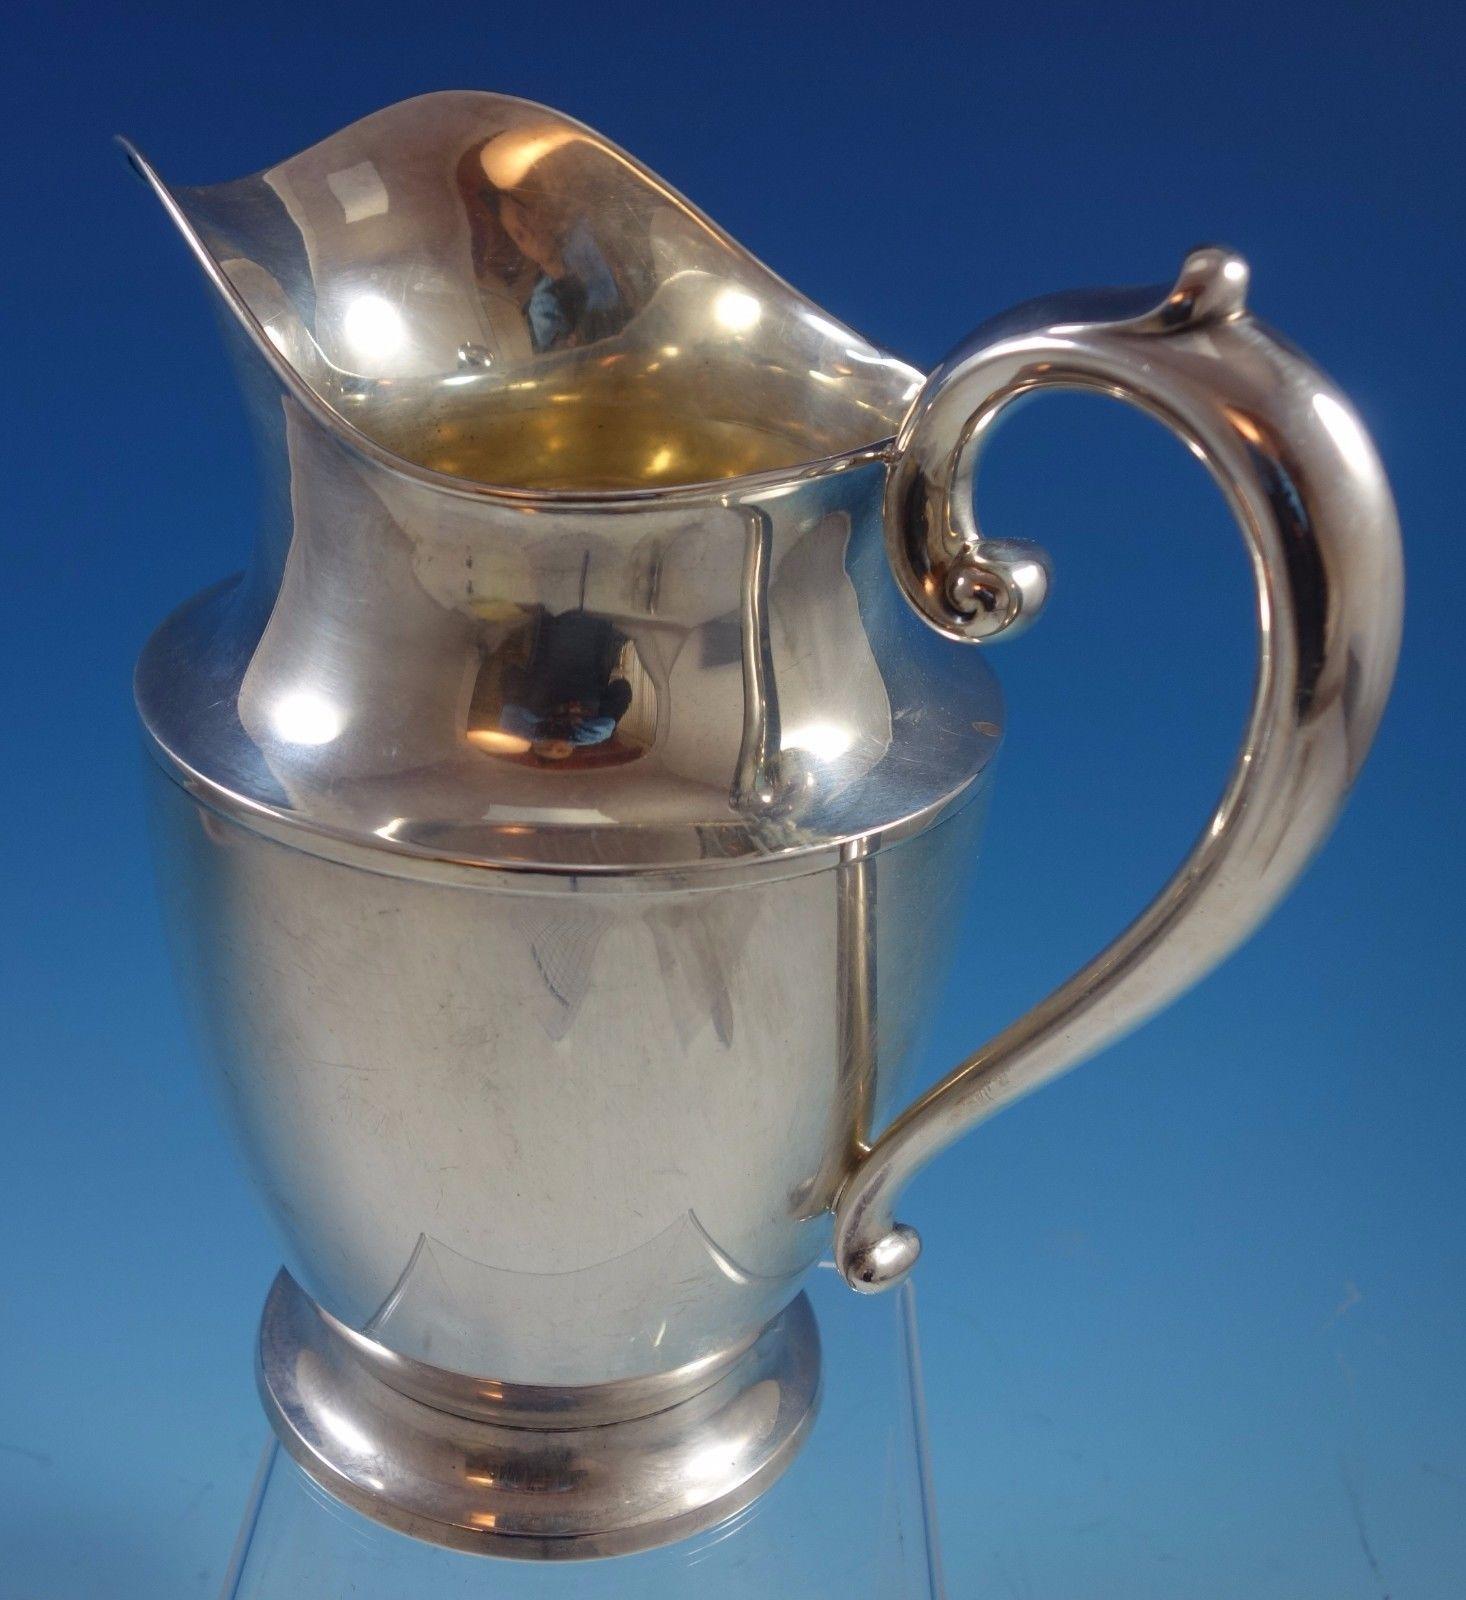 Puritan by Wallace sterling silver water pitcher. The piece is marked with #20, and it has a vintage scrolly monogram (see photos). The pitcher measures 9 1/2
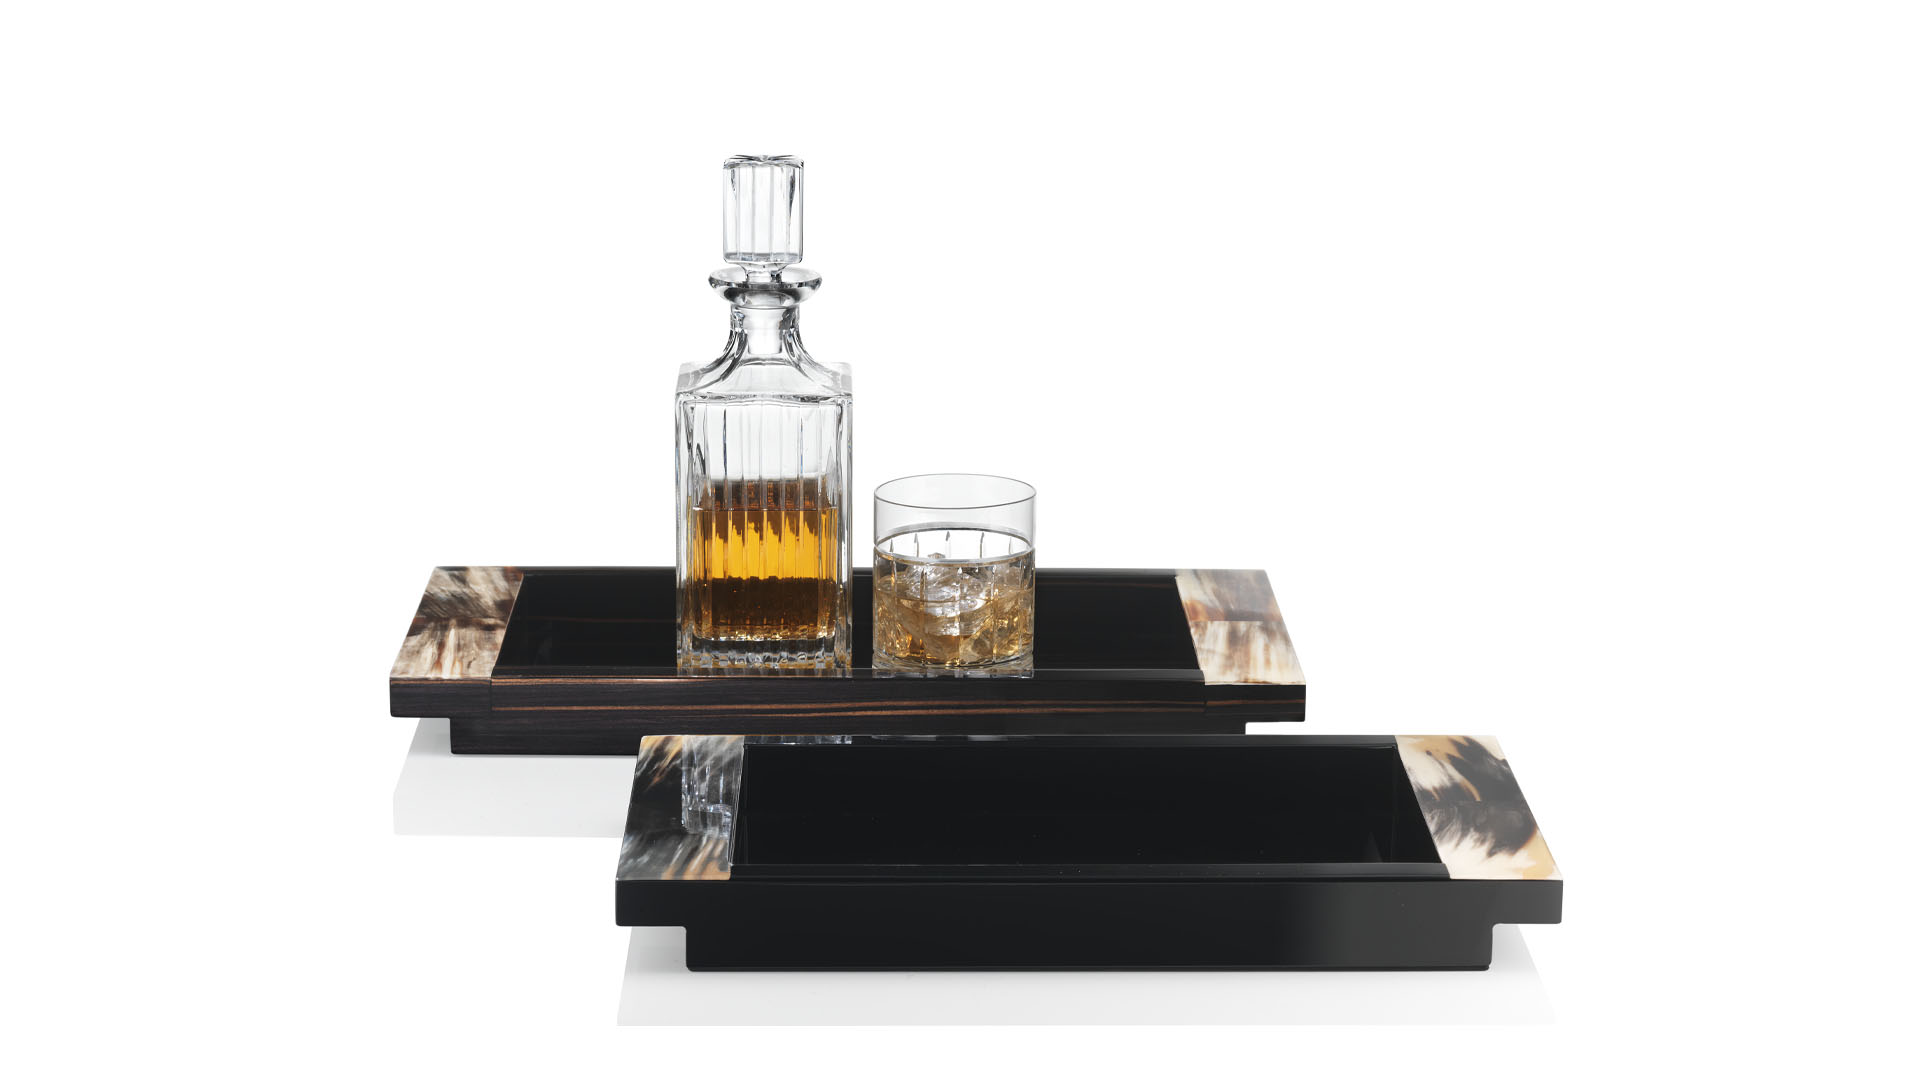 Tableware - Elia tray in horn and glossy ebony or black lacquer - cover - Arcahorn
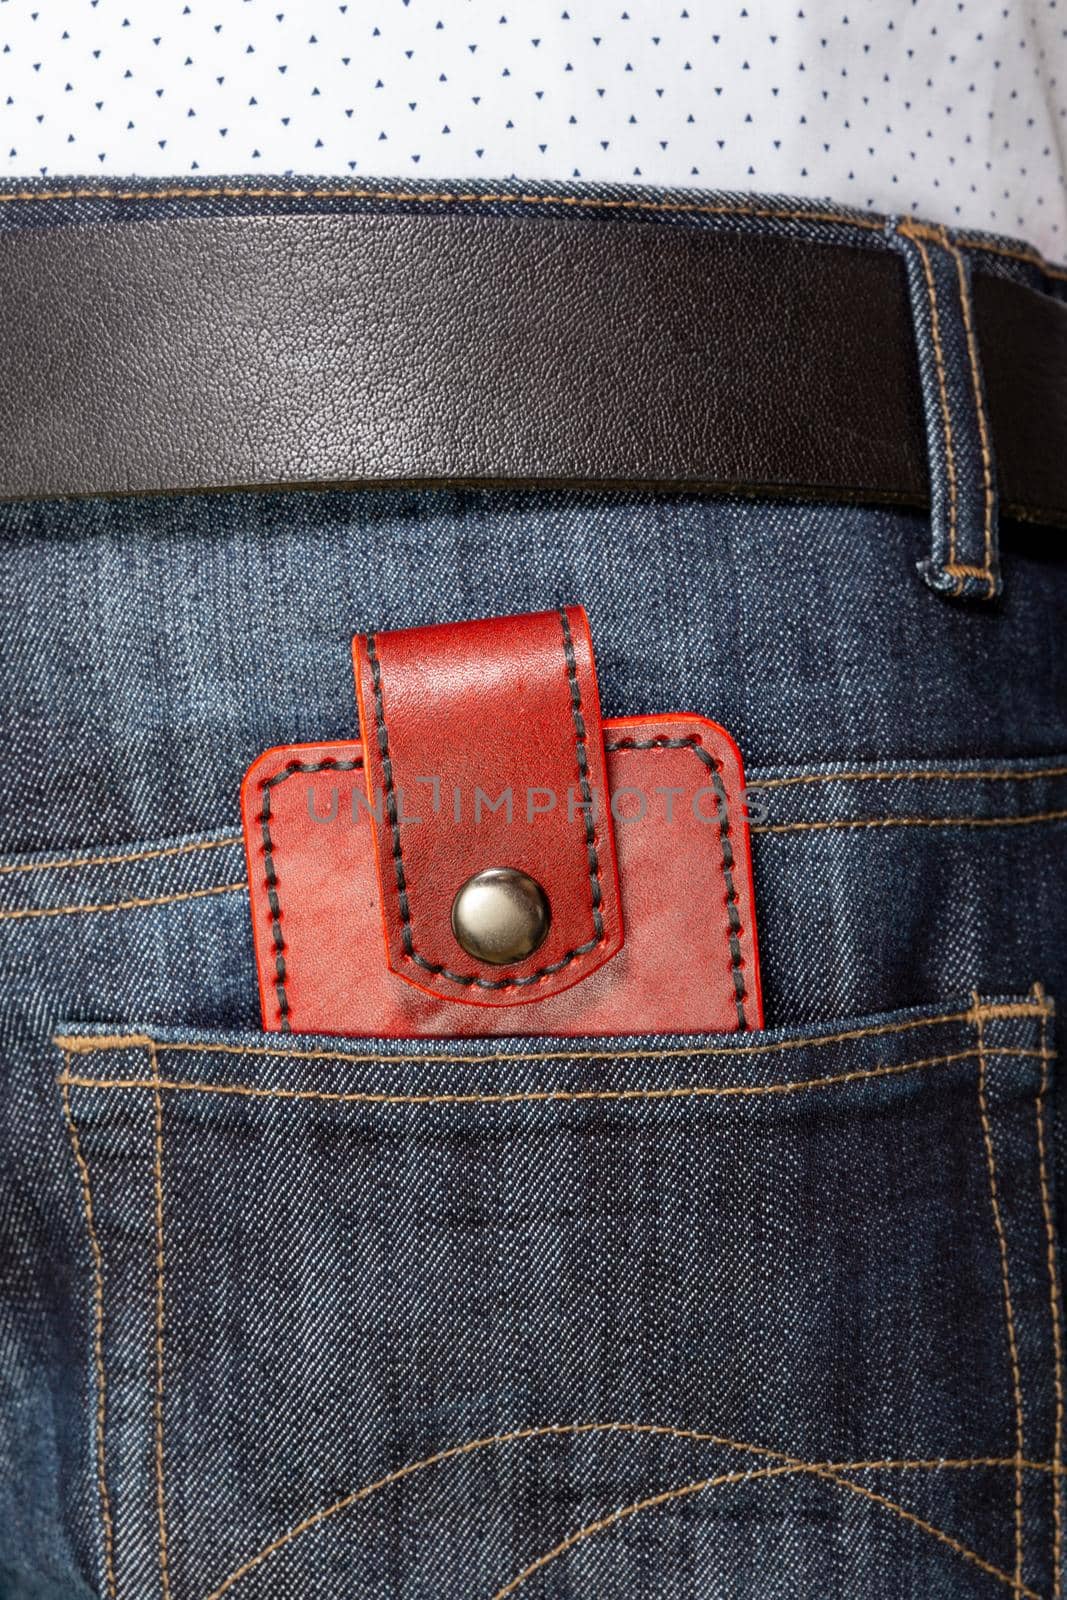 Luxury craft business card holder case made of leather. Red Leather box for cards in the back pocket of jeans.
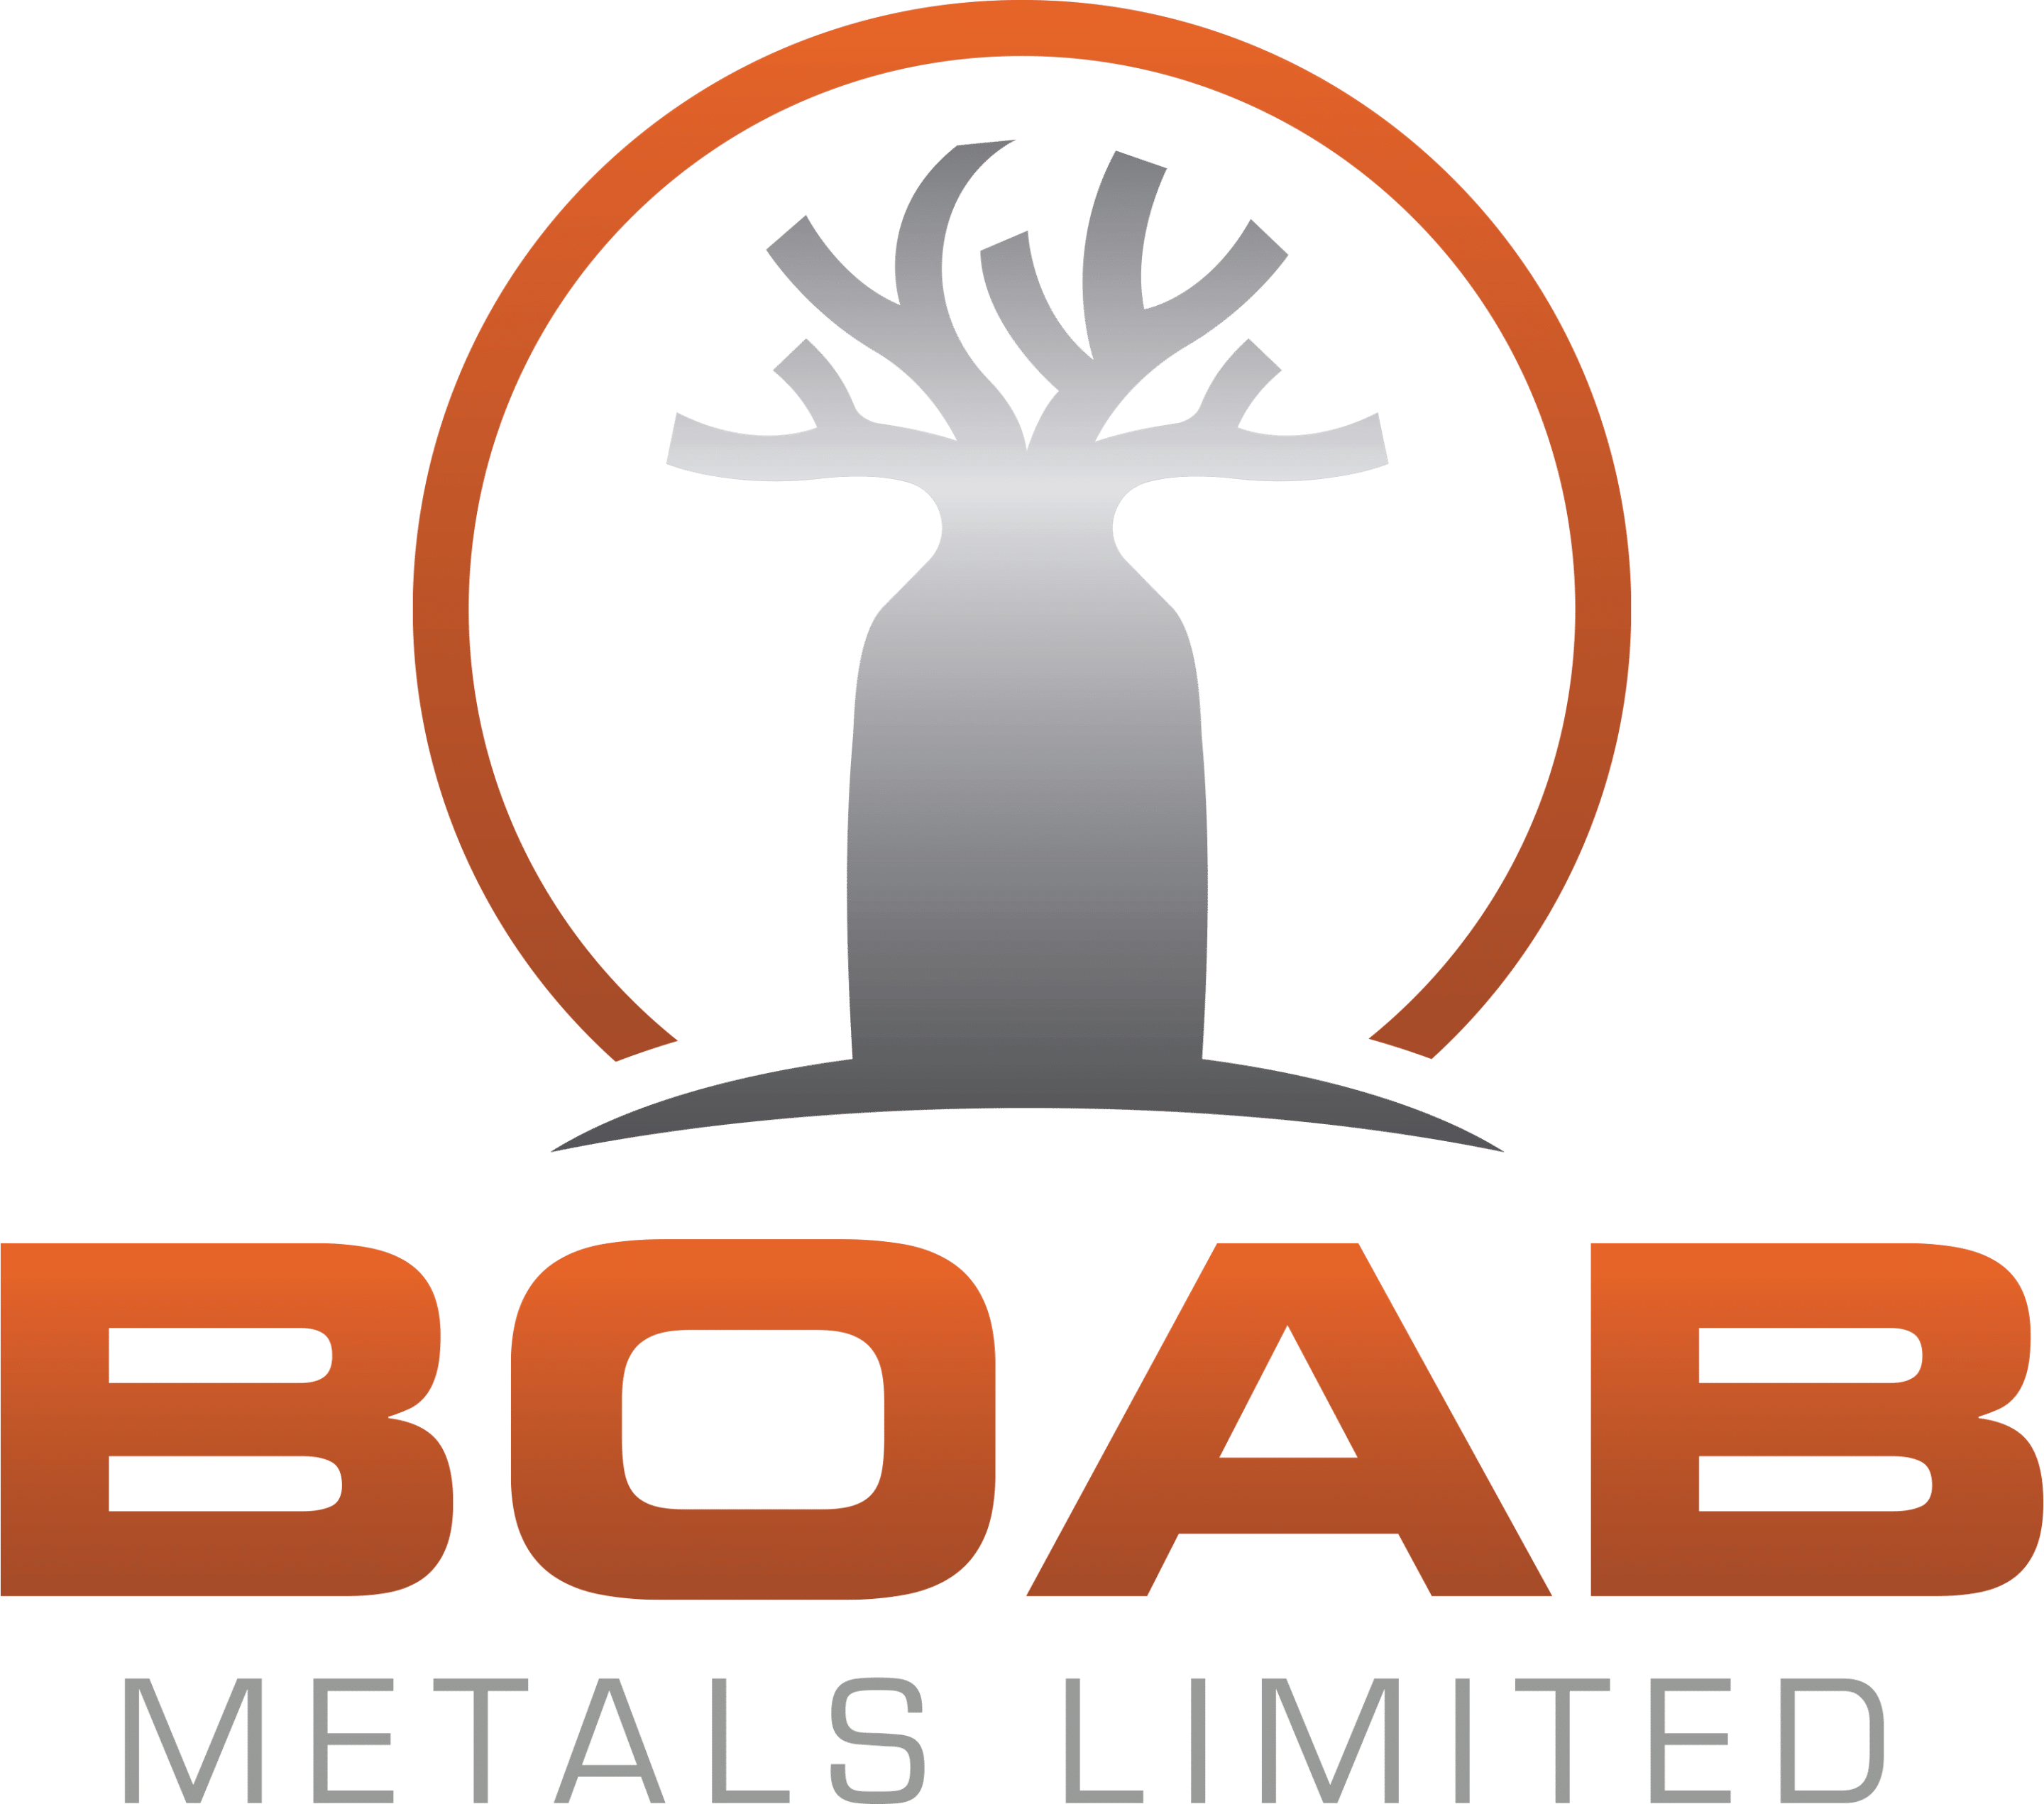 Boab Metals Limited
___
Instructions to follow: Leave the images out and transcribe the rest of the material exactly.

Reply to the exercise:
 Puritan by Wallace sterling silver water pitcher. The piece is marked with #20, and it has a vintage scrolly monogram (see photos). The pitcher measures 9 1/2
 Tableware - Elia tray in horn and glossy ebony or black lacquer - cover - Arcahorn
 Luxury craft business card holder case made of leather. Red Leather box for cards in the back pocket of jeans.
 Boab Metals Limited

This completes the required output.